On Oct 21, 2009, at 3:18 PM, Rob Stewart wrote:

> Hi there folks,
> Very quickly about me:
> - I'm doing a Masters in Software Engineering
> - I'm looking closely at Mnesia to involve it in my study
>
>
> OK, so here's where I'm at. It's quite early on in my report, but I'm
> getting a feel for what could be a useful investigation. I am briefly
> discussing cloud computing, and then in more detail at distributed
> computation and data storage (along with fault tolerance, high  
> availability
> etc...). My supervisor and I have agreed that to illustrate the use  
> of a
> distributed computation system, I am going to perform some large  
> computation
> on a large dataset, probably using Pig (dataflow language atop of  
> Hadoop).

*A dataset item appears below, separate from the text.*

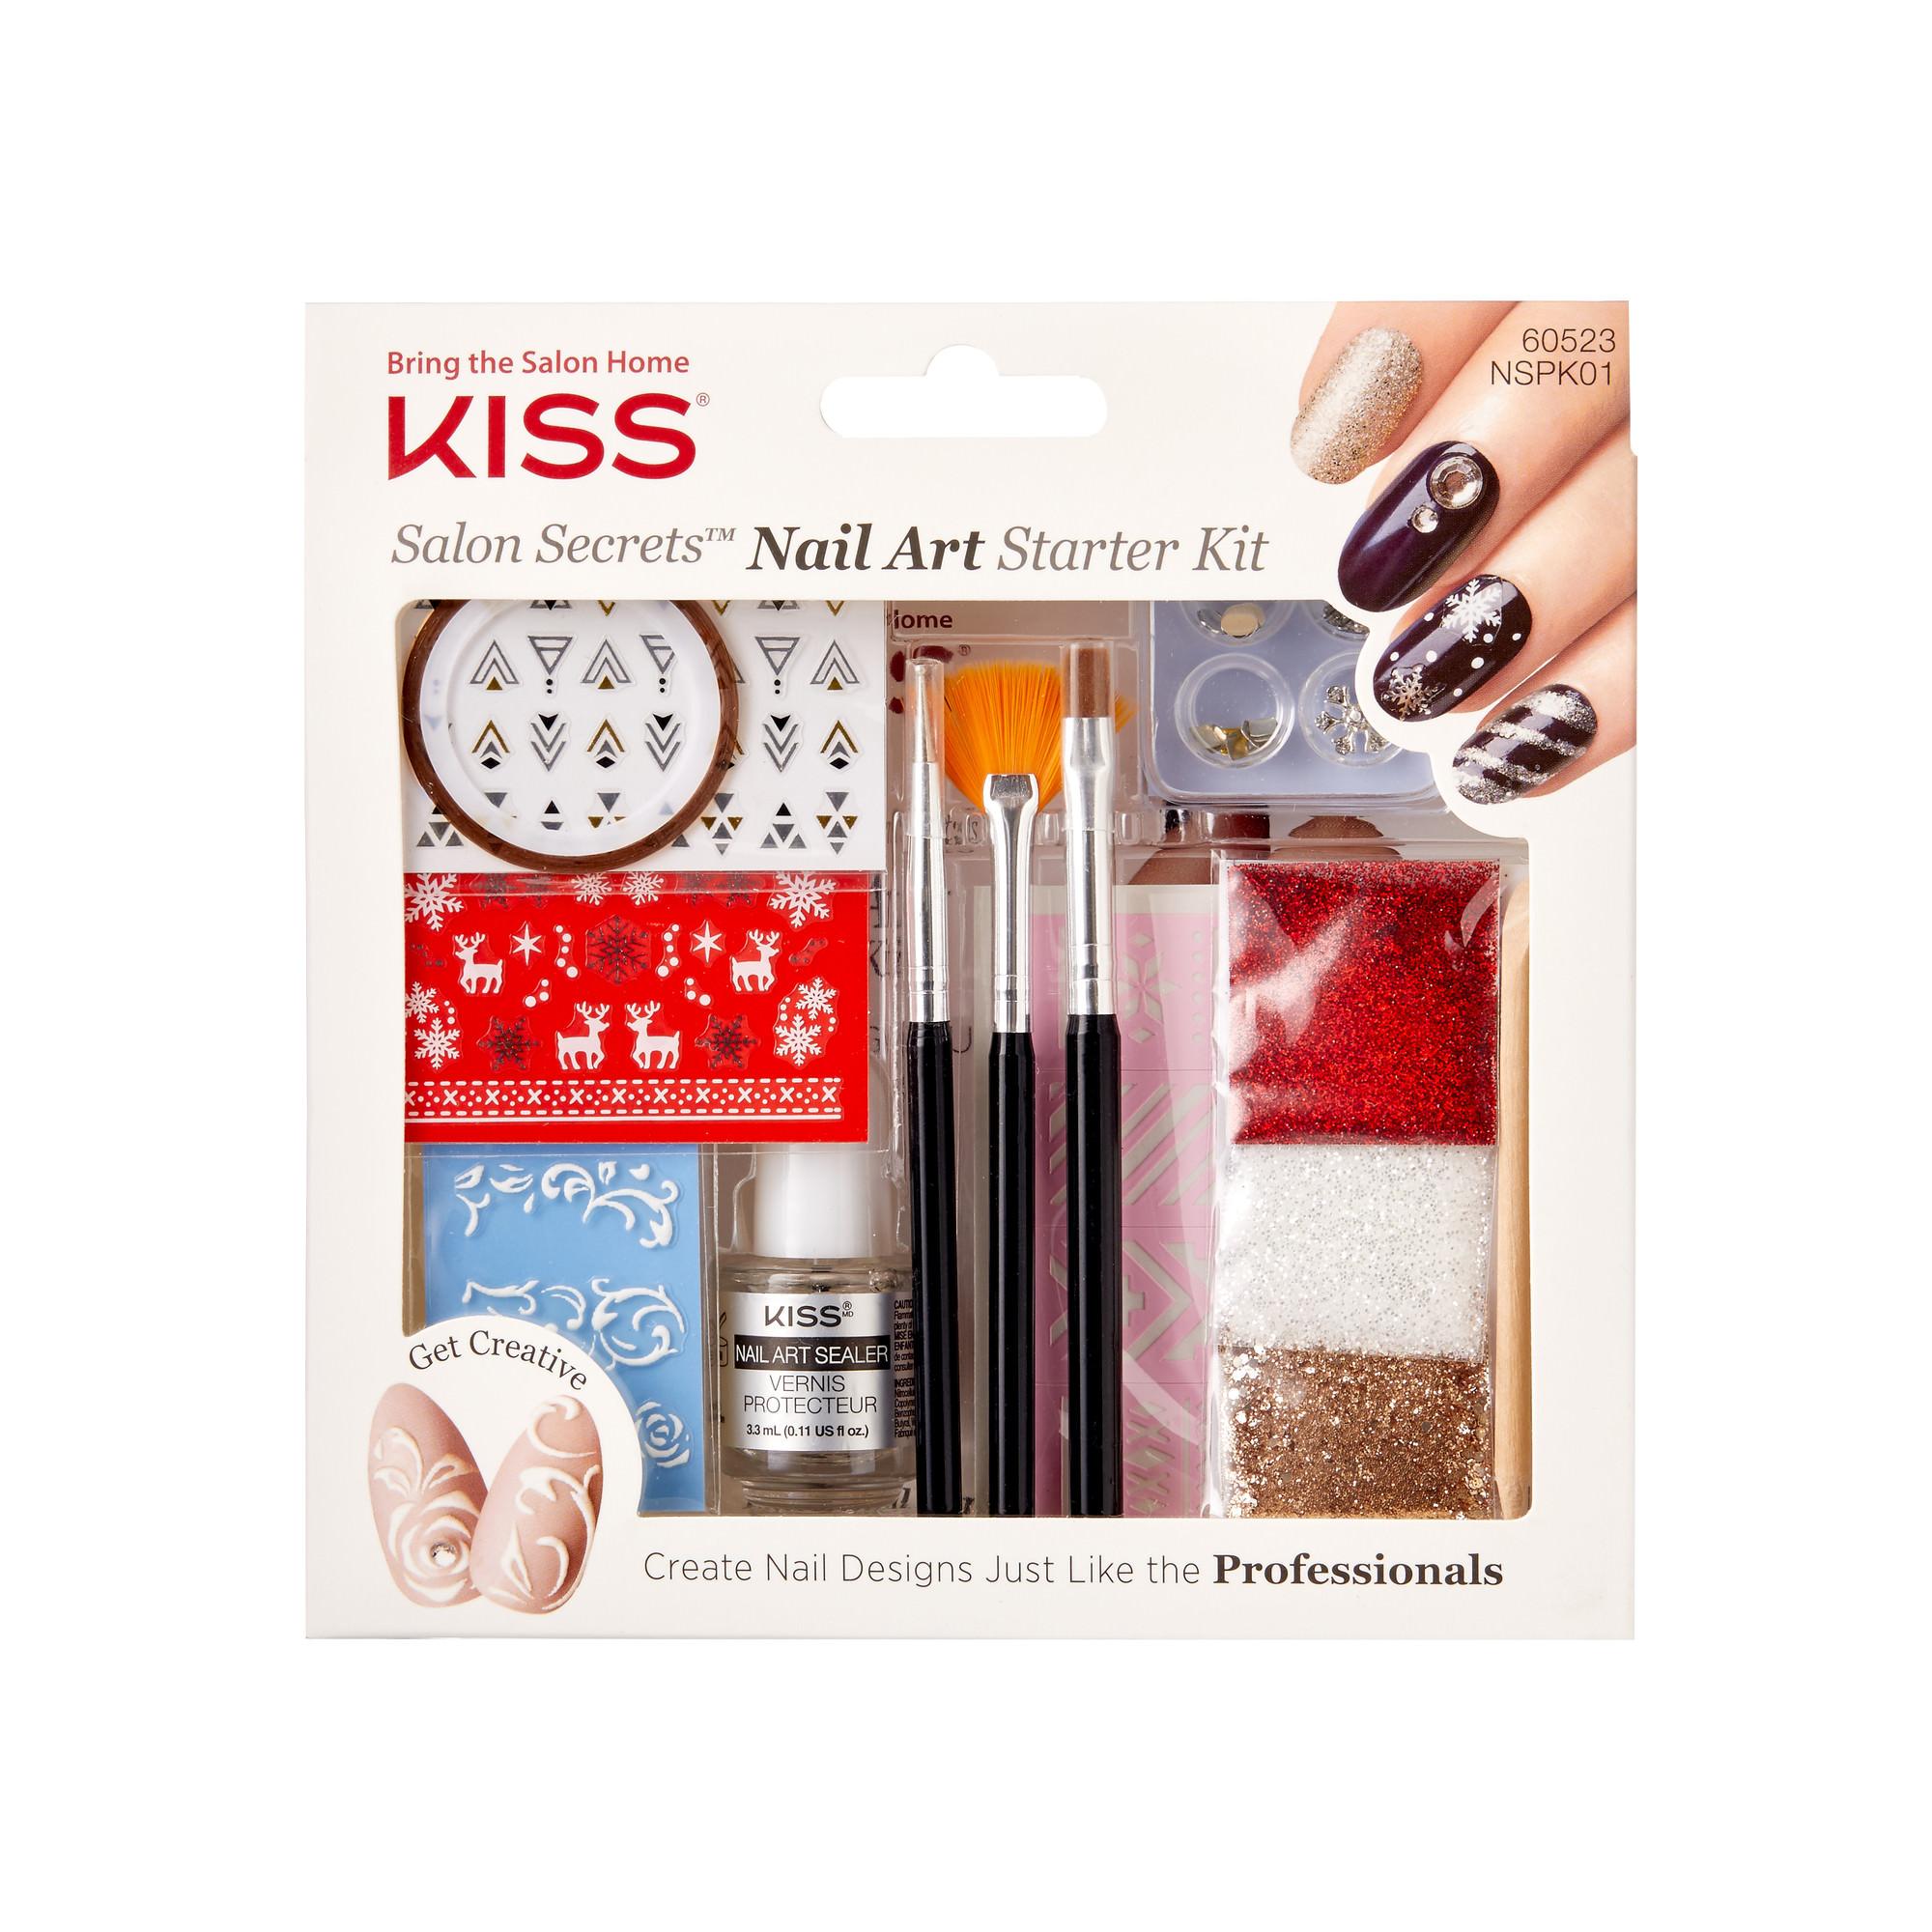 KISS Salon Secrets™ Nail Art Starter Kit

I
> have been given the university cluster to deploy Hadoop.
>
> (Bear with me....)
>
> So... now the big question for me right now is where to find a
> useful competitor (or rather a solution with similar goals). The  
> easy option
> would be to compare Pig to another Hadoop interface, i.e. Hive, but  
> those
> results would be pretty uninteresting). So instead, I'm looking into  
> the
> realm of distributed databases. Now... as far as I'm concerned, the  
> way in
> which Mnesia distributes the availability of data across  nodes is  
> similar
> to how Hadoop distributes data across the HDFS (Hadoop file system)  
> across
> nodes). My issue here is, my lack of understanding on how a data query
> computation is distributed over a network of Mnesia nodes. I have a  
> good
> understanding of how this is achieved with Hadoop (if there are 10
> datanodes, then each will get a tenth of the work), but is there  
> such a
> thing as parallel query processing with MNesia? Or... is MNesia just  
> a way
> to very very quickly replicate the availability of data.
>
> I hope that you guru's can shed some light on this for me. I'm not  
> aware of
> exactly how MNesia would deal with a data query where the MNesia  
> network
> consists of say, 10 nodes? Does a user query just one of the 10, or  
> does a
> user query the network? I'm really trying to think of a fair and  
> interesting
> way to compare the concept of a distributed database (MNesia),  
> against a
> distributed processing engine (Hadoop).
>
> There are other things I want to delve into also... For instance, I  
> really
> need to know more about the difference between CouchDB and MNesia.  
> So far, I
> can only establish that CouchDB is more useful for networks where  
> nodes are
> likely to go offline at various times. (Not much knowledge!!).
>
> If, however, comparing a distributed database engine against a  
> distributed
> processing engine is a non starter, let me know of that too !!
>
> Many thanks, I would really appreciate some feedback.
>
>
> Rob Stewart